Element 1, wherein receiving in the server a transaction data includes installing the application in the mobile device of the consumer. Element 2, further including receiving at least part of the transaction data from a point of sale device at the selected retailer. Element 3, wherein associating a consumer segment with the transaction data includes linking a transaction with the selected retailer in a server account with a household identifier associated with the consumer identification and the demographic attribute. Element 4, wherein associating a consumer segment with the transaction data includes selecting the consumer segment based on the demographic attribute. Element 5, wherein determining a sales lift factor for the consumer segment includes identifying an increase of sales at the selected retailer for an item in the transaction data in response to an advertising campaign targeting the consumer segment. Element 6, further including requesting, from the server, to install the application in a mobile device of a consumer. Element 7, wherein updating the scalable measurement protocol includes updating the application installed in the mobile device of the consumer to query the consumer about a modified demographic attribute. Element 8, wherein updating the scalable measurement protocol includes modifying the adjustment factor based on a modified demographic attribute of the consumer segment. Element 9, wherein the transaction data includes an item that is subject of a digital advertising campaign, and updating the scalable measurement protocol includes retrieving, from the application installed in the mobile device of the consumer, a likability factor for the consumer of the item that is subject of the digital advertising campaign.
Element 10, wherein to associate a consumer segment with the transaction data the one or more processors further execute instructions to link a transaction with the selected retailer in a server account with a household identifier associated with the consumer identification and the demographic attribute. Element 11, wherein to associate a consumer segment with the transaction data the one or more processors further execute instructions to select the consumer segment based on the demographic attribute. Element 12, wherein to determine a sales lift factor for the consumer segment the one or more processors further execute instructions to identify an increase of sales at the selected retailer for an item in the transaction data in response to an advertising campaign targeting the consumer segment. Element 13, wherein the one or more processors further execute instructions to request, from the server, to install the application in a mobile device of a consumer.
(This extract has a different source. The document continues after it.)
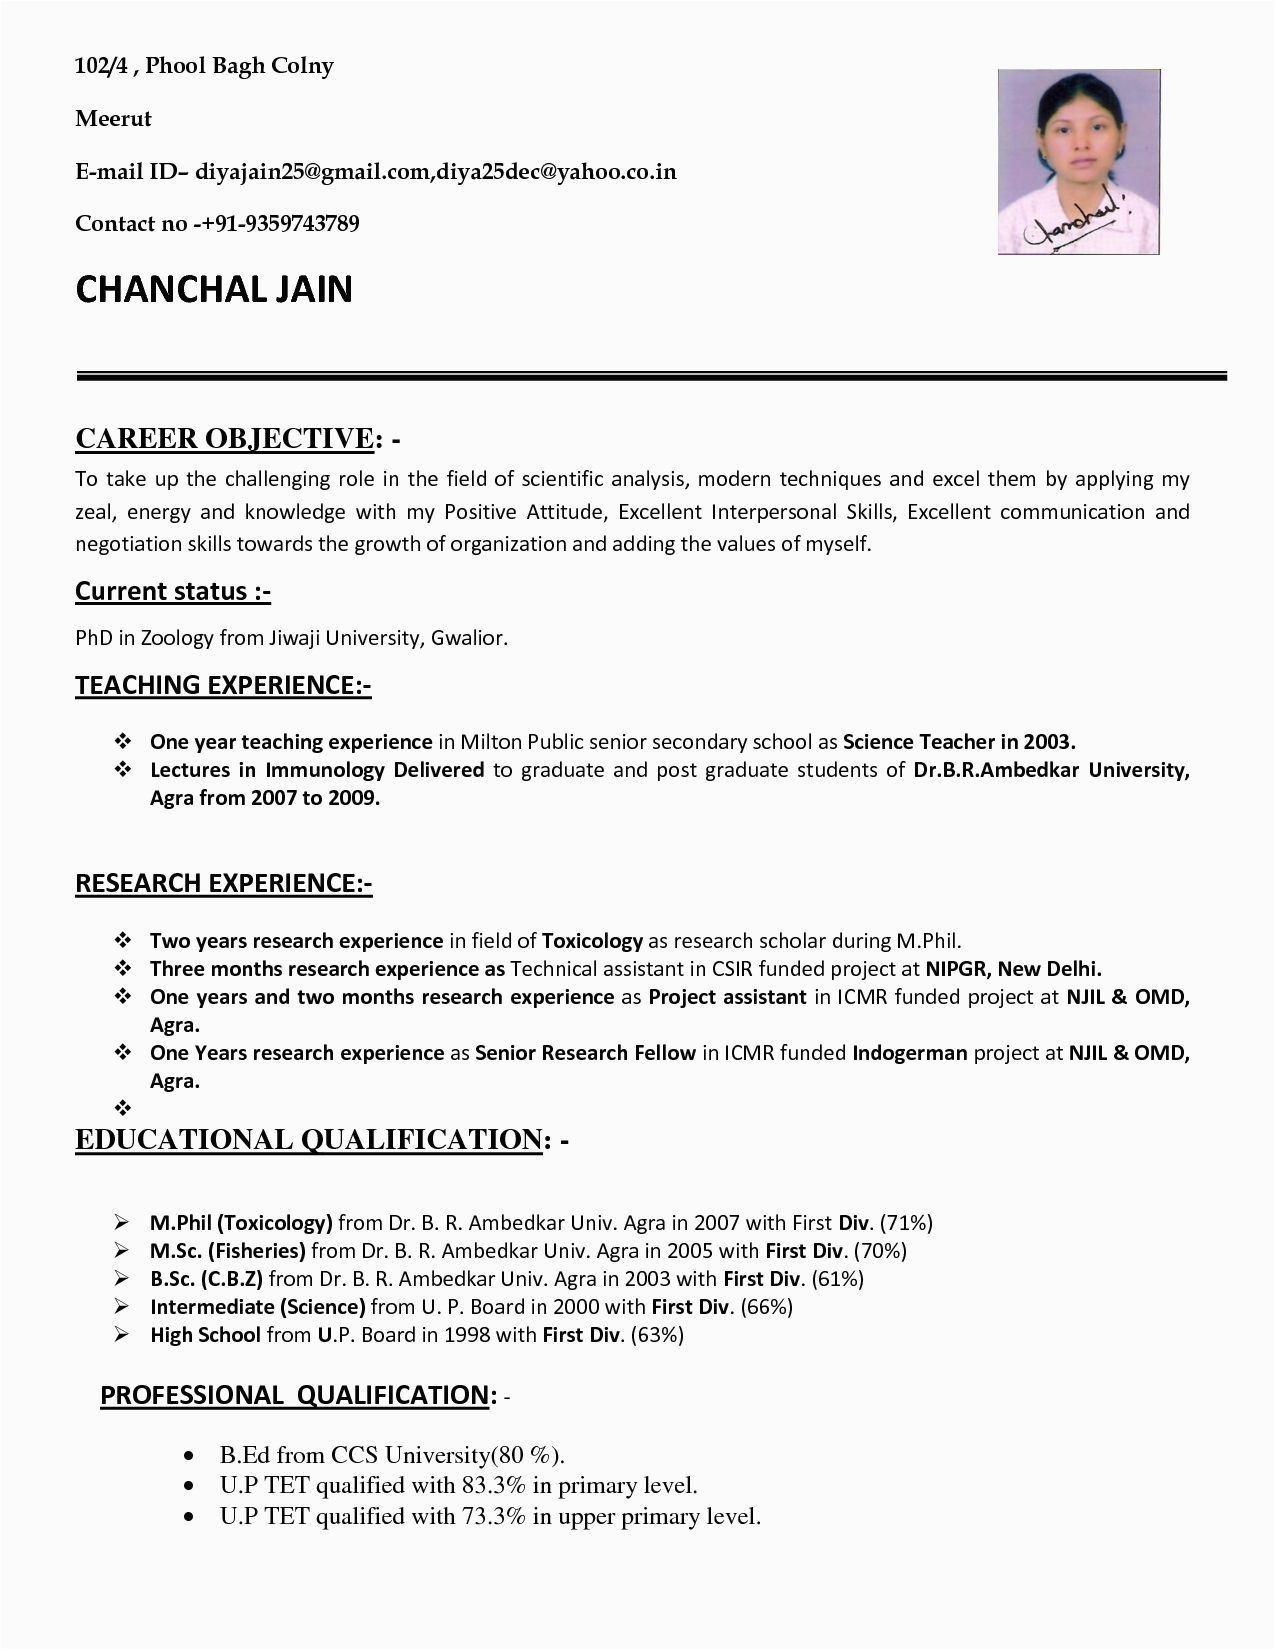 Sample Resume to Apply for Lecturer Post Resume format for School Teacher Job It Cover Letter

Element 14 wherein, in the method, associating a consumer segment with the transaction data includes linking a transaction with the selected retailer in a server account with a household identifier associated with the consumer identification and the demographic attribute. Element 15 wherein, in the method, associating a consumer segment with the transaction data includes selecting the consumer segment based on the demographic attribute. Element 16 wherein, in the method, determining a sales lift factor for the consumer segment includes identifying an increase of sales at the selected retailer for an item in the transaction data in response to an advertising campaign targeting the consumer segment. Element 17, wherein the method further includes requesting, from the server, to install the application in a mobile device of a consumer.